**Task**
Repeat the listing that follows exactly. Pictures are not part of the copy.

**Raw data**
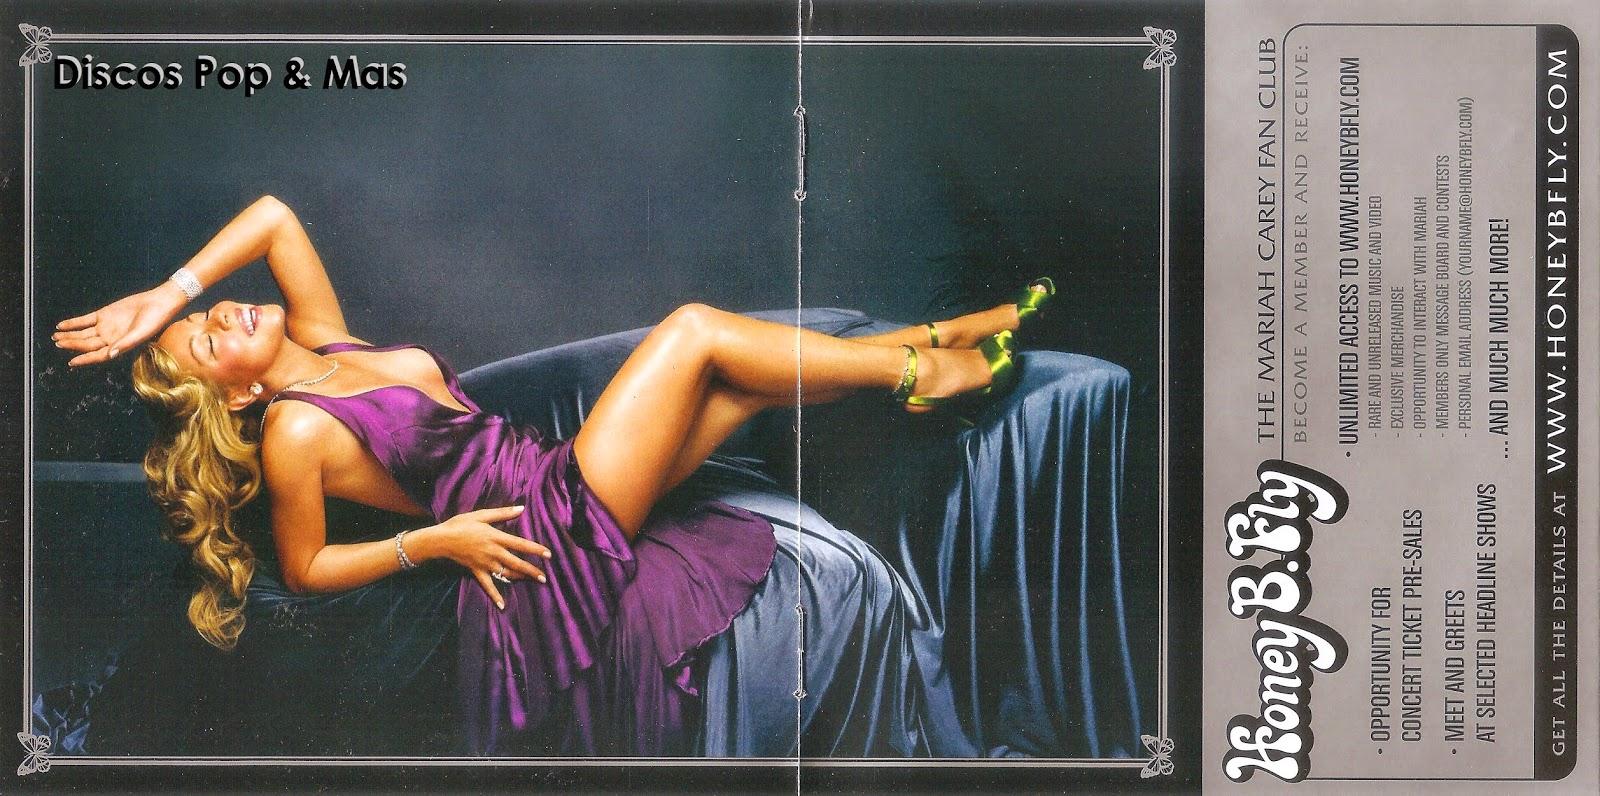 Discos Pop & Mas: Mariah Carey - The Emancipation of Mimi ...
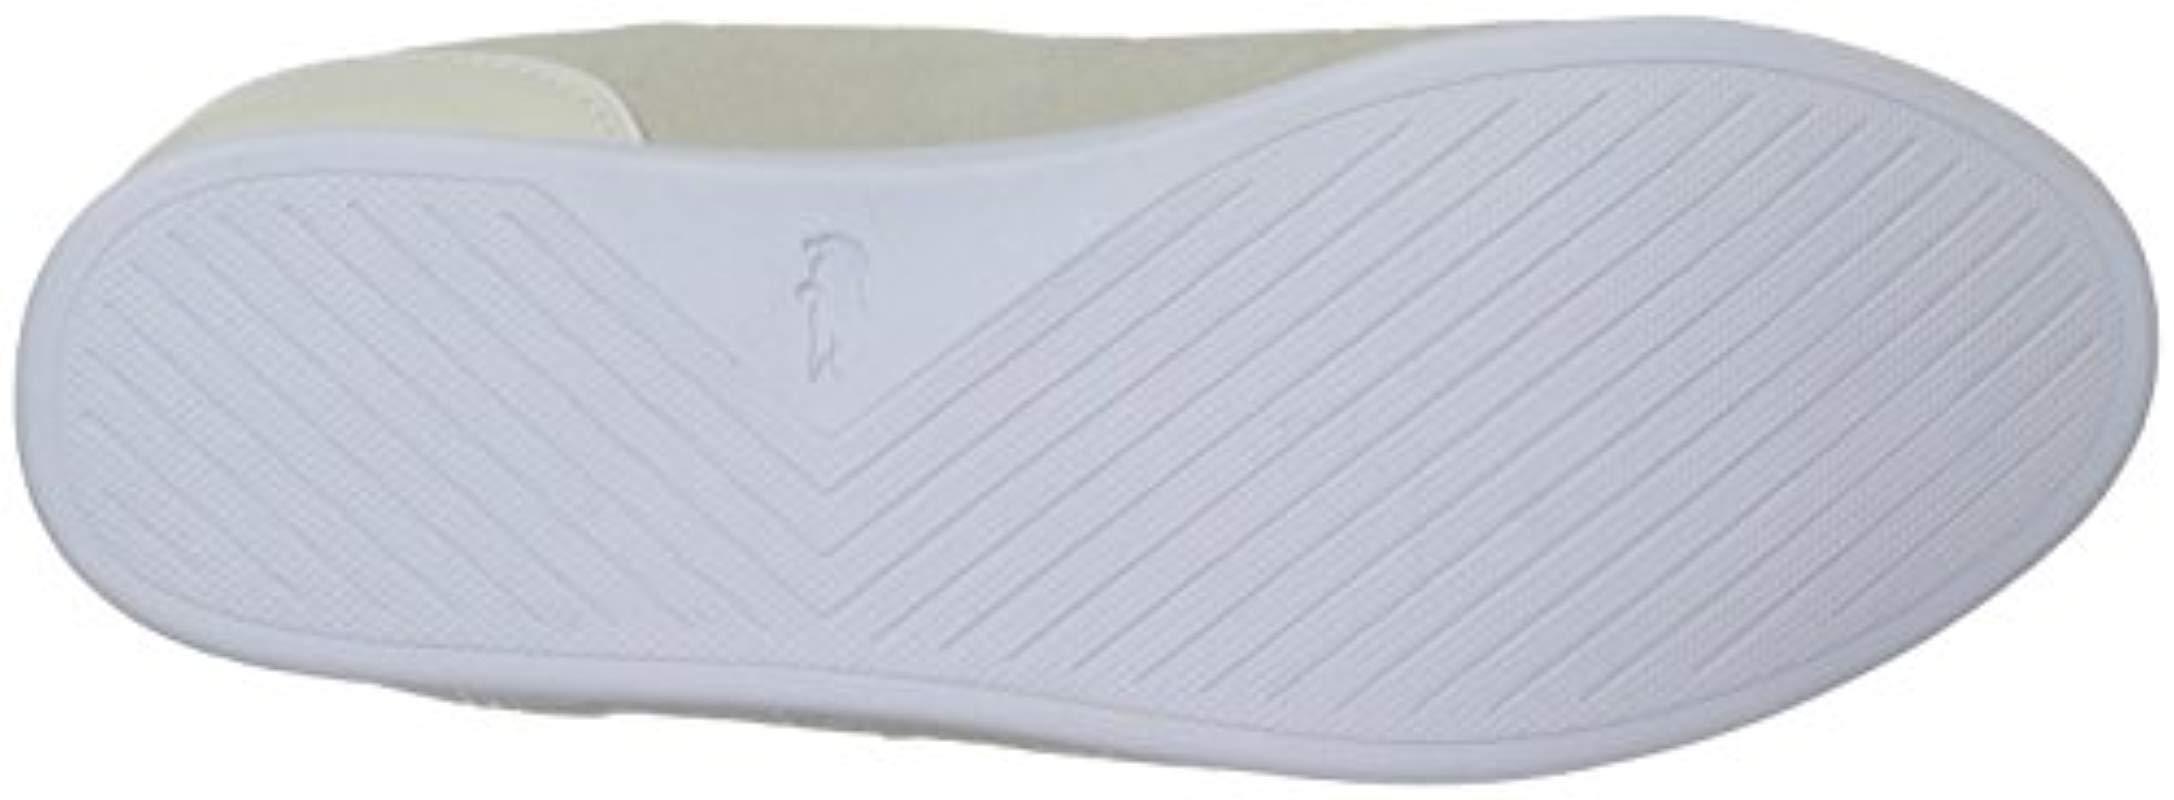 dac4c2580 Lacoste - White Rey Lace Sneaker - Lyst. View fullscreen
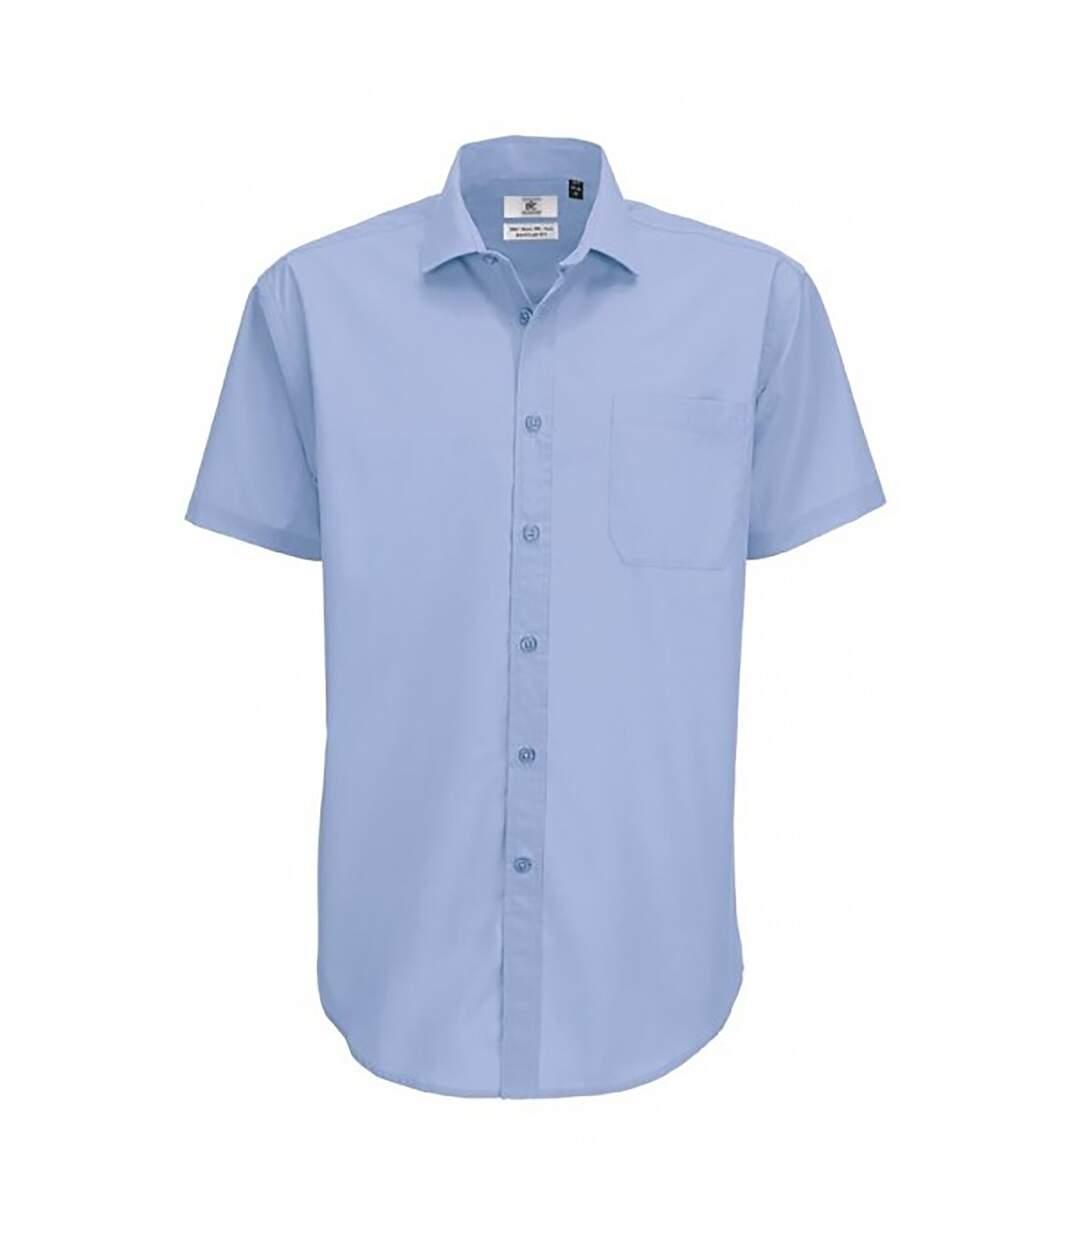 B&C Mens Smart Short Sleeve Shirt / Mens Shirts (Black) - UTBC112

**Solution to the problem**
 Discos Pop & Mas: Mariah Carey - The Emancipation of Mimi ...
 dac4c2580 Lacoste - White Rey Lace Sneaker - Lyst. View fullscreen
 B&C Mens Smart Short Sleeve Shirt / Mens Shirts (Black) - UTBC112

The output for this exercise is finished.